The request includes an identification of the first of the
extraction ranges created using the extraction range formation
operation 408. In certain embodiments, the identification of
extraction range corresponds to an identification of a time range
in an event log for which data is requested. A data block receipt
operation 412 corresponds to receipt of a data block that
corresponds to the portion of the bulk data within the extraction
range. During the data block receipt operation 412, the data block
can be assessed for errors, and one or more extraction tables can
be updated to track the progress of the overall extraction and bulk
data transfer process. For example, in certain embodiments,
extraction table 124 described in connection with FIG. 3, above,
could be used.
[0056] A range determination operation 414 determines whether all
of the extraction ranges have been requested. For example, if a
subset corresponds to one day of workload operating statistics, and
extraction ranges are configured to relate to four hours of data,
six data blocks will be requested. More or fewer blocks of data
will be requested depending upon the amount of bulk data requested
and the preconfigured size of the extraction ranges requested. If
fewer than all of the extraction ranges have been requested,
operation returns to the request operation 410 to request data
associated with the next extraction range within the desired
subset. If all of the extraction ranges have been requested within
the subset, operation proceeds to a storage operation 416, which
stores the returned data blocks into a database file (e.g.,
database file 102 of FIGS. 2-3). The storage operation 416 also
indexes the data blocks as they are stored. In certain embodiments,
operations 404-412 are managed by extraction module 122 of FIG. 3,
above. Additionally, the storage operation 416 can be managed by,
for example local database management module 126 of FIG. 3. Other
embodiments are possible as well.
[0057] An optional report operation 418 allows creation of reports
based on the stored data in the database file. In certain
embodiments, the report operation 416 is executed from report
module 128 of FIG. 3, and reports workload operating statistics
relating to execution statistics of workloads on one or more host
computing systems. Other embodiments are possible as well.

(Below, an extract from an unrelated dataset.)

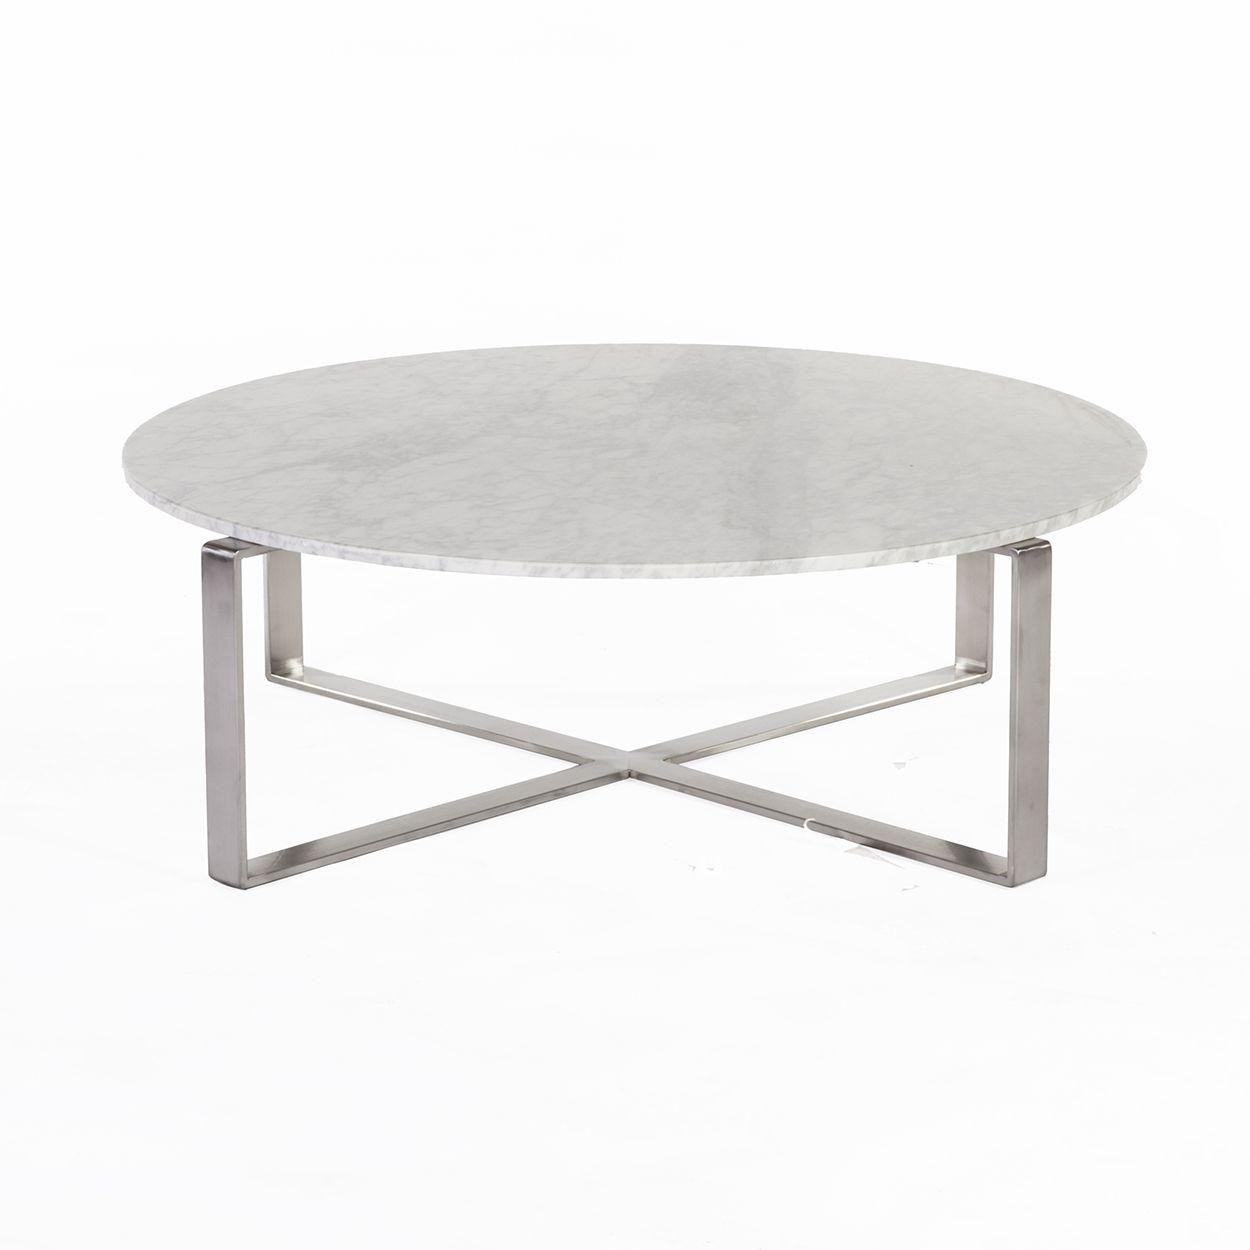 Mantova Coffee Table Fv537wht Marble Coffee Table Coffee Table Slate Coffee Table [ 1250 x 1250 Pixel ]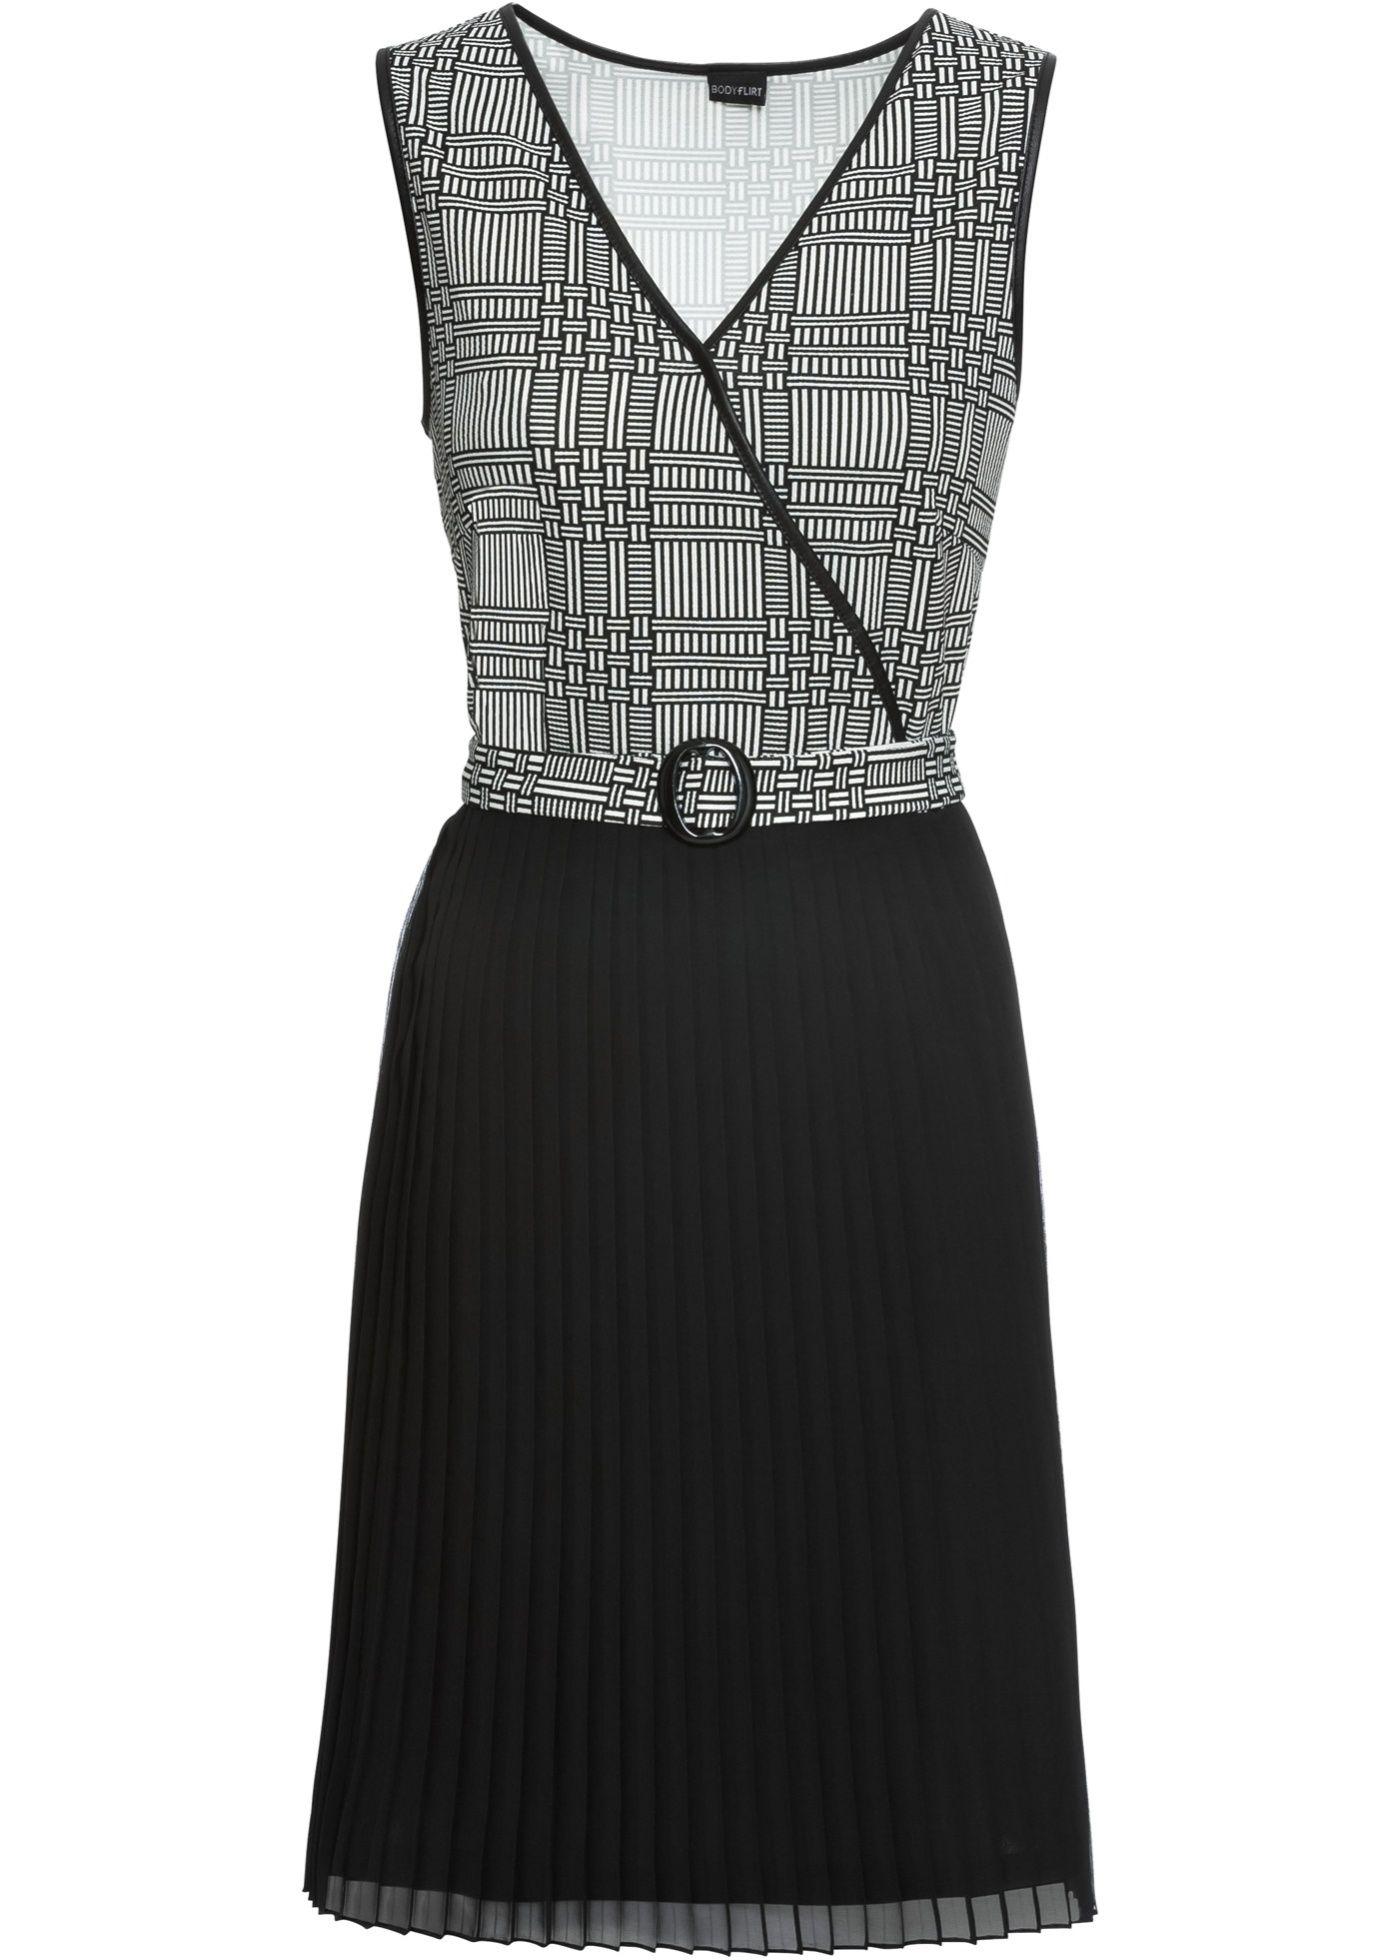 Kleid mit Plisee  Minikleid, Das kleine schwarze, Kleider

[0058] An end operation 418 signifies completed bulk data transfer
and use of data, such as workload operating statistics,
communicated between computing systems.
[0059] Referring to FIG. 5 generally, it is recognized that
portions of the methods 400 described herein could be repeated as
desired to request data blocks not successfully transferred during
an initial data transfer process. Additionally, although the
various operations are described in a particular order, no specific
order is required with respect to the extraction of data blocks
(e.g., the extraction ranges need not be addressed sequentially)
due to tracking at the extraction table(s).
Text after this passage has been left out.